Ripple
- Type: Online news and entertainment publication
- Editor-in-chief: Joseph Herbert
- Founded: 10 December 1957
- Relaunched: 20 September, 2025
- Headquarters: Attenborough Building
- City: Leicester
- Circulation: Student population
- Website: Official website

= Ripple (newspaper) =

University of Leicester, UK, student newspaper

Ripple is the student newspaper at the University of Leicester, England. The publication operates almost entirely online and covers local and university-centered news, arts, entertainment, lifestyle, fictional works and student opinion articles. Ripple was initially launched in 1957 and was later called Galaxy Press, Leicester Student Magazine, and Leicester Student News. Following a period of inactivity, the publication changed its name back to Ripple in September 2025.

Ripple has featured a wide range of interviews with high-profile figures throughout its history, from Robert Mugabe and Yasser Arafat to more recent public figures such as Aaron Porter, Peter Soulsby and Dr Alex George.

Ripple is run by a team of 6 committee members, who support a team of student writers. The committee is elected by magazine members via the University of Leicester Students' Union and primarily oversees day-to-day operations, including external liaison, social media management, and student membership, while the internally elected committee seeks to offer guidance and support to student writers of varying experience and ability.

==History==
Ripple was founded by Malcolm Bradbury in 1957. Past editors include Brian Abbs (1957–58), Richard Swann (1971–72), Marc Heal (1983–84), Andrew Biswell (1993–94) and Aaron Porter (2005–06).

In October 2012, the publication launched a website for the first time, providing daily news updates and other content in addition to the print editions published each term. This website has since been taken offline.

In May 2013, students at the University of Leicester elected President Christopher Everett as the first President of Ripple. The newly created role of President was designed so that the future editor would no longer be concerned with both content and the day-to-day running of the publication, and is tasked with undertaking responsibilities such as developing strategic goals for Ripple, organising and leading the Ripple executive, communicating with the Students' Union, ensuring funding and distribution for Ripple, and organising extra-publicatory activities for the Ripples members.

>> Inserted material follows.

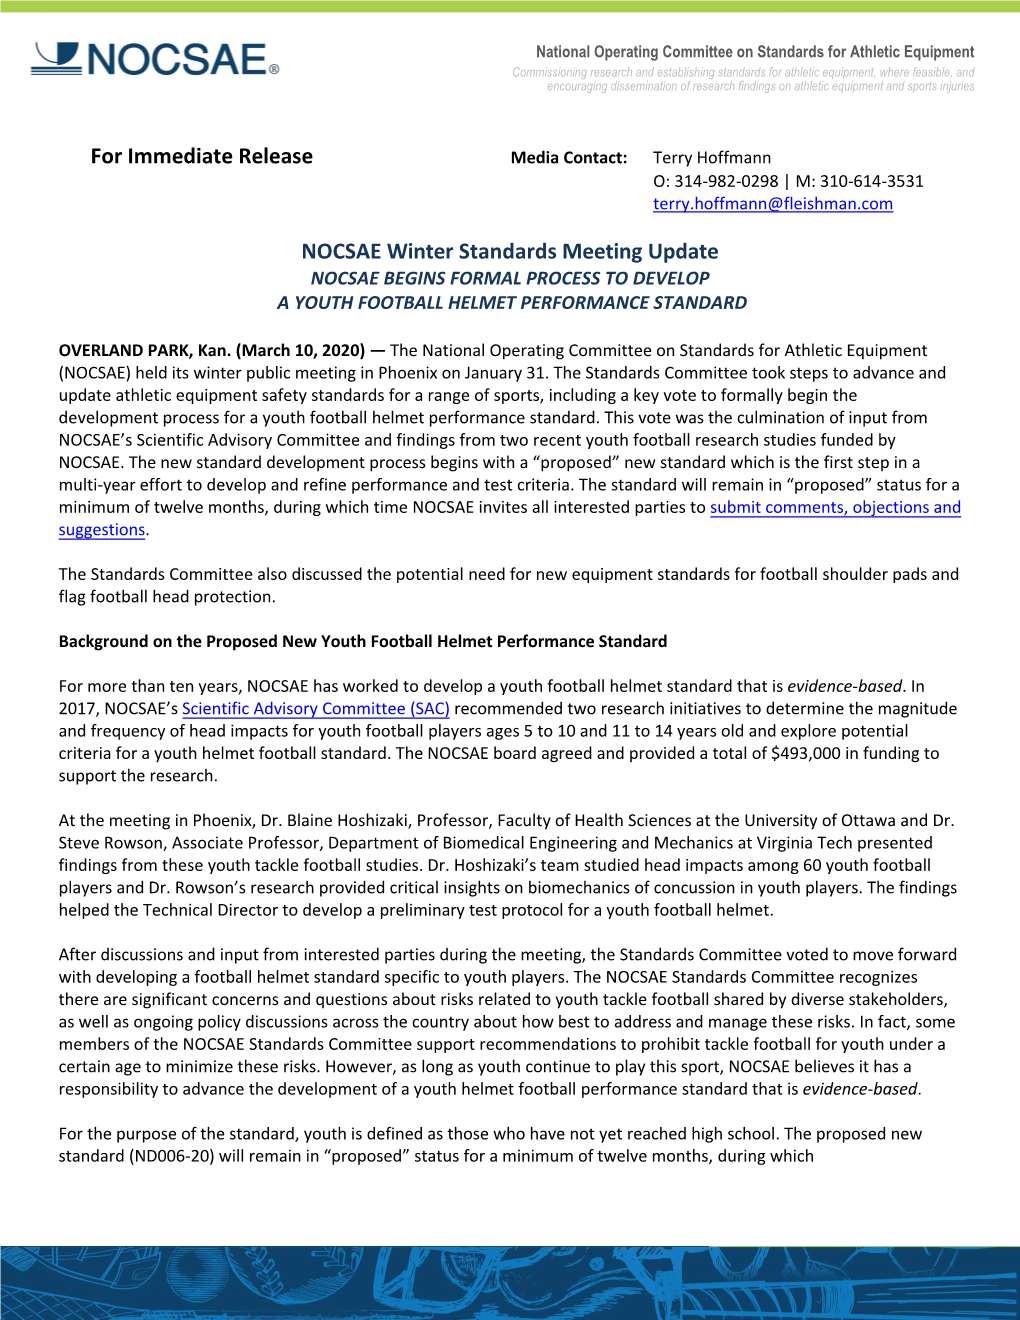 For Immediate Release NOCSAE Winter Standards Meeting Update

In July 2020, the student publication was re-branded to Leicester Student Magazine by Zainab Bikar and Ella Johnson, following a period of society inactivity, with a notable shift into digital publication and increased social media presence. Recent recognition includes receiving the 2021 Highly Commended Newcomer Publication accolade within the Midlands by the Student Publication Association, and a host of short-listings in the national awards.

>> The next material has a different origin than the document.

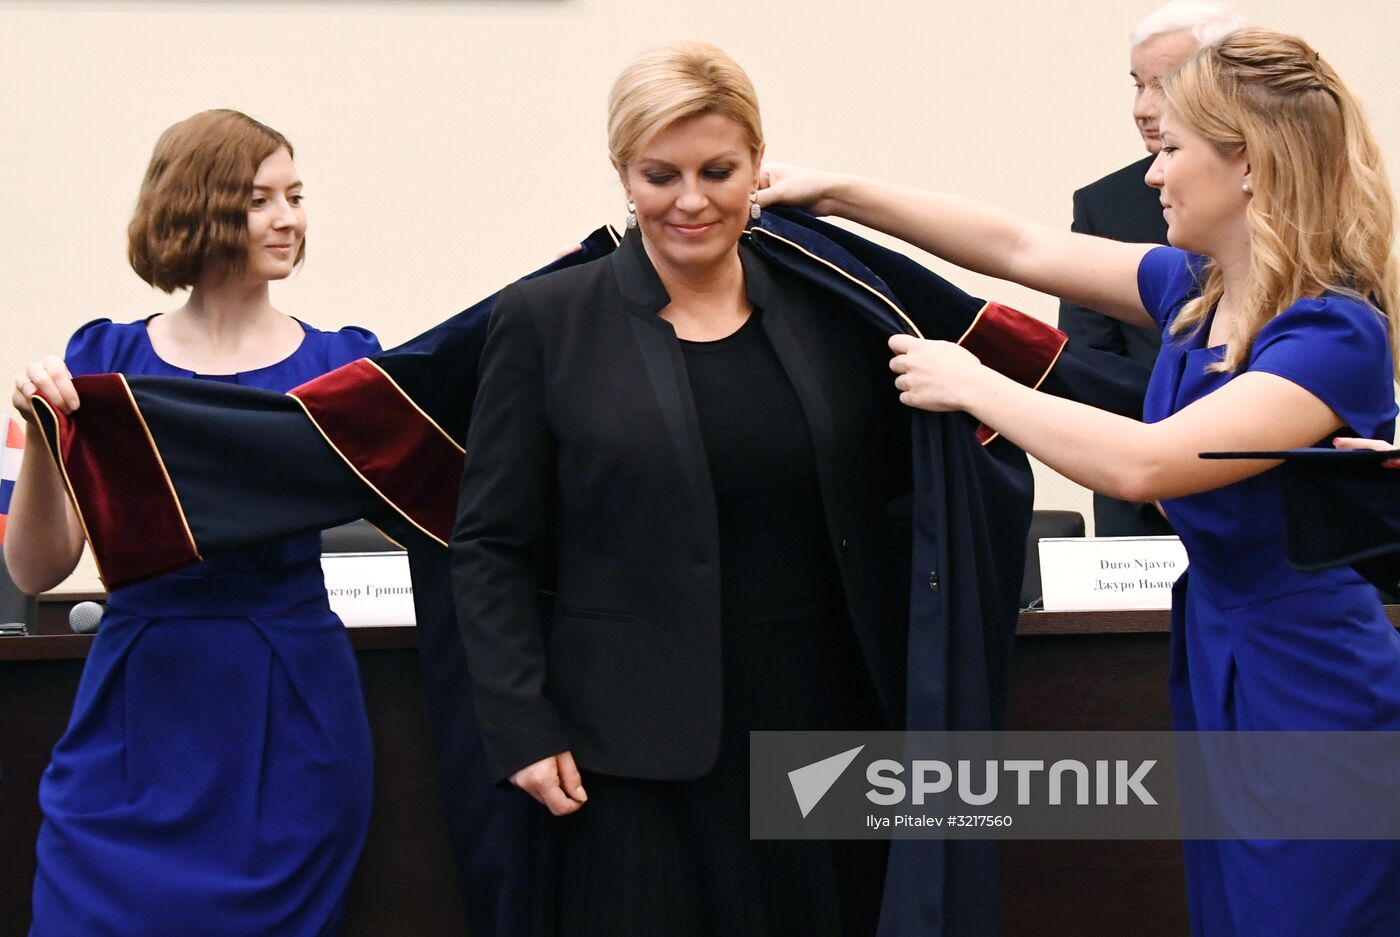 Kolinda Grabar-Kitarovic receives honorary degree from Plekhanov University

Following a period of inactivity, the publication changed its name back to Ripple in September 2025. During this time the publication invested into social media and committed to relaunching a website and print newspaper, as well as begin to implement triannual print editions with a circulation of 1,000 copies each.

==In the news==
In early 2006, the BBC revealed that the word "moony" was first used in print by The Ripple as part of the slang used during the 1987 RAG week, and led to the Oxford English Dictionary attributing the paper as the source of the word. This was followed by a feature on The Ripple as part of the BBC show Balderdash and Piffle, screened on Easter Sunday, 16 April 2006. First verbal use of "pulling a moony" is attributed to Mr. C. Bluementhal of the Leicester University Sailing Team during the 1984 BUSA sailing championship at Oxford Sailing Club.

The Ripple received national press attention again in November 2006 after speaking out against an attempt by the National Union of Students to restrict sales of several lad mags in the students' union shop.